September 01, 2012, 9:35 PM — HP had little to offer in the way of good news last week. The company reported an $8.9 billion loss the largest in the company's 73-year history driven by a $10.8 billion write-down related to its 2008 acquisition of IT service provider EDS and severance costs associated with recent layoffs.
It may not have come as a shock to current customers who have absorbed a steady stream of unsettling news from the $127 billion company in recent years, from executive turnover to the planned layoffs of 15,000 professionals in its enterprise outsourcing division.
"The problem here is not the individual developments. It's the compounding effect of all the developments over several years now," says Bryan Britz, research director in Gartner's ITO and Support Services group. "The only constant has largely been uncertainty. Uncertainty and risk are not desirable qualities in IT outsourcing."
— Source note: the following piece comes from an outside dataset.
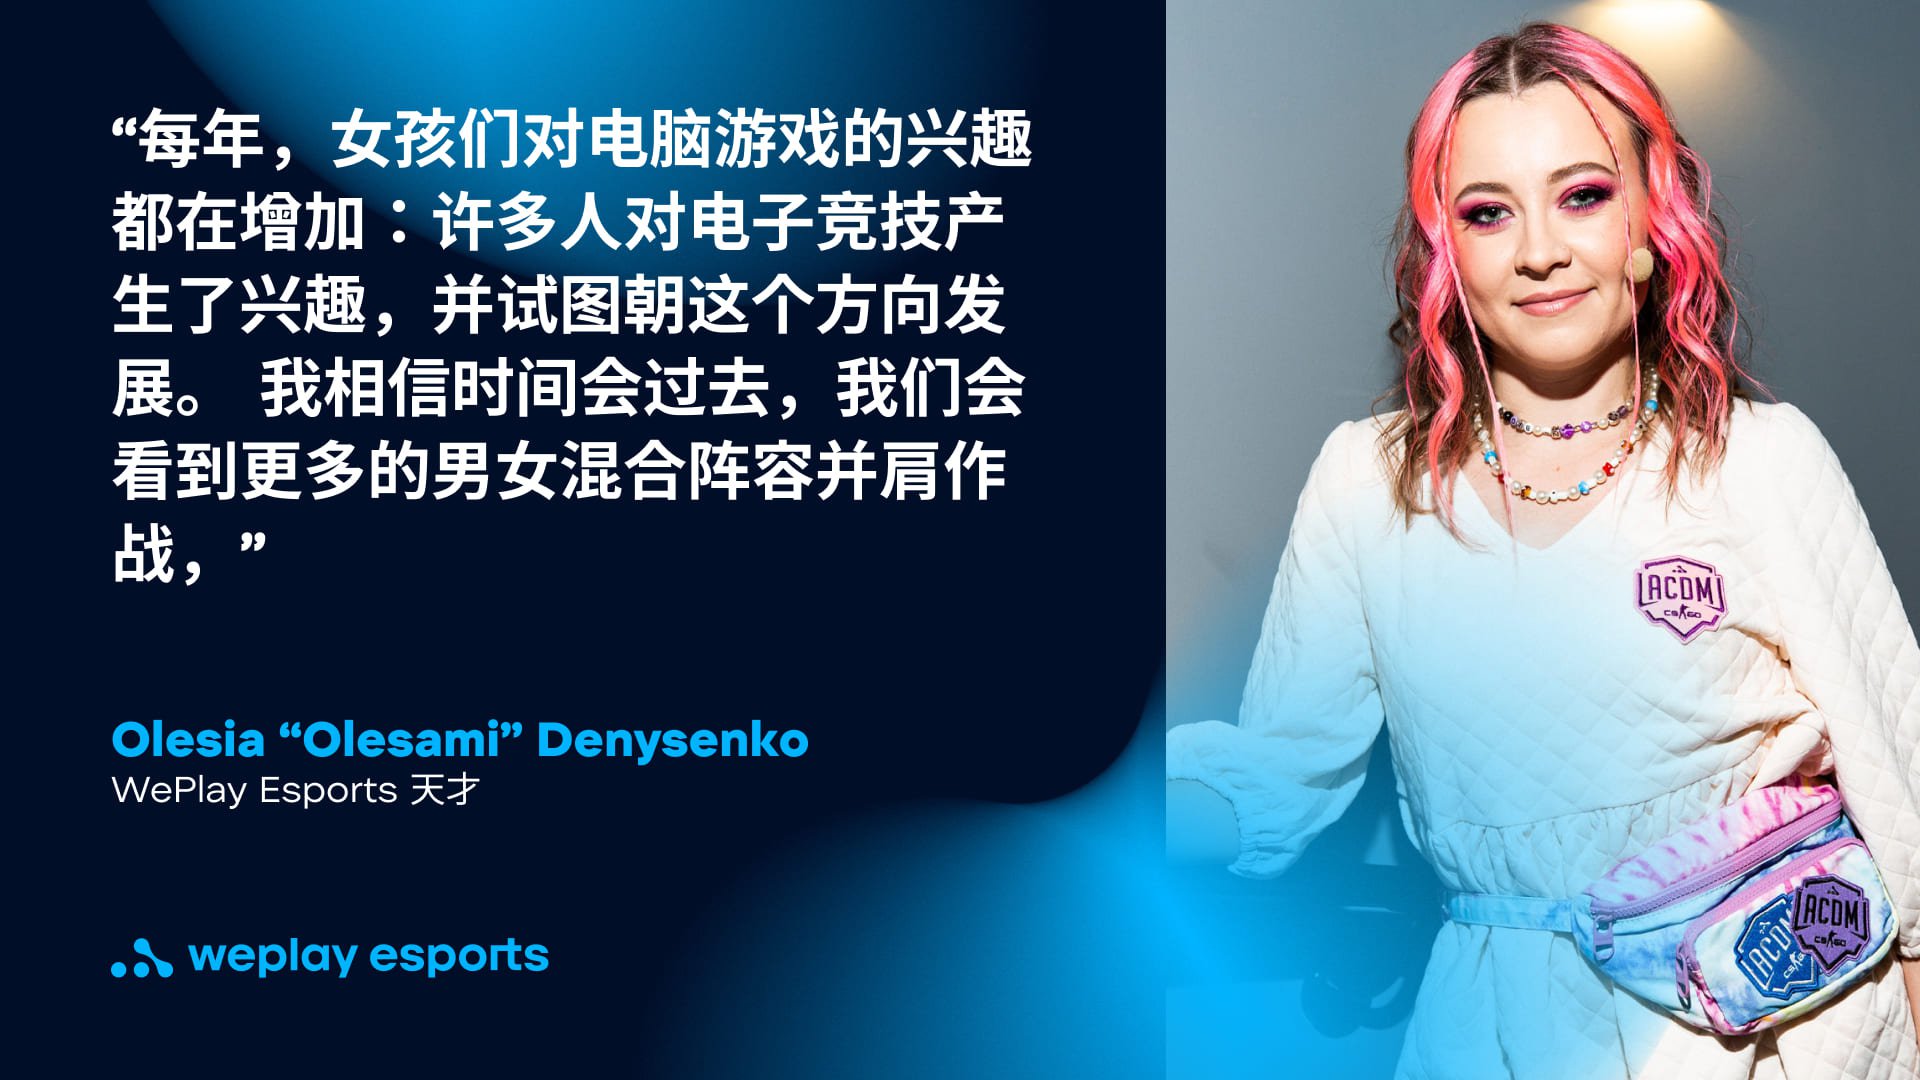 WePlay Esports 天才 Olesia “Olesami” Denysenko。照片：WePlay Holding

HP's prioritization of cost-cutting and shareholders over service delivery and customers has already caused some outsourcing clients to jump ship. "It feels a bit like HP is so focused on their internal financial profile and stock price that they're forgetting about the customer-centric focus that got them [and EDS] to a leadership position," says David Rutchik, partner with outsourcing consultancy Pace Harmon. "The pure-play Indian providers, in particular, are picking up many of these disaffected HP customers as the Indian providers are showing a much greater willingness to be flexible in meeting specific end customer concerns."
[Related: IT Outsourcing: What HP's Latest Strategy Change Means for Customers]
"We talk to HP customers all the time and their main concern is the direction the firm is taking, not the current performance managing their day-to-day IT and business services needs," adds Phil Fersht, founder of outsourcing analyst firm HfS Research.
Wait ... There's More
Things could get worse for HP and it customers before they get better. The company's pushback of its big analyst summit to October could mean more executive layoffs and cost-cutting in the short term, says Fersht. The move may signal "fear of having nothing positive to say, and the analysts throwing HP under the bus," says Fersht, adding that HP recently let go some members of its analyst relations team.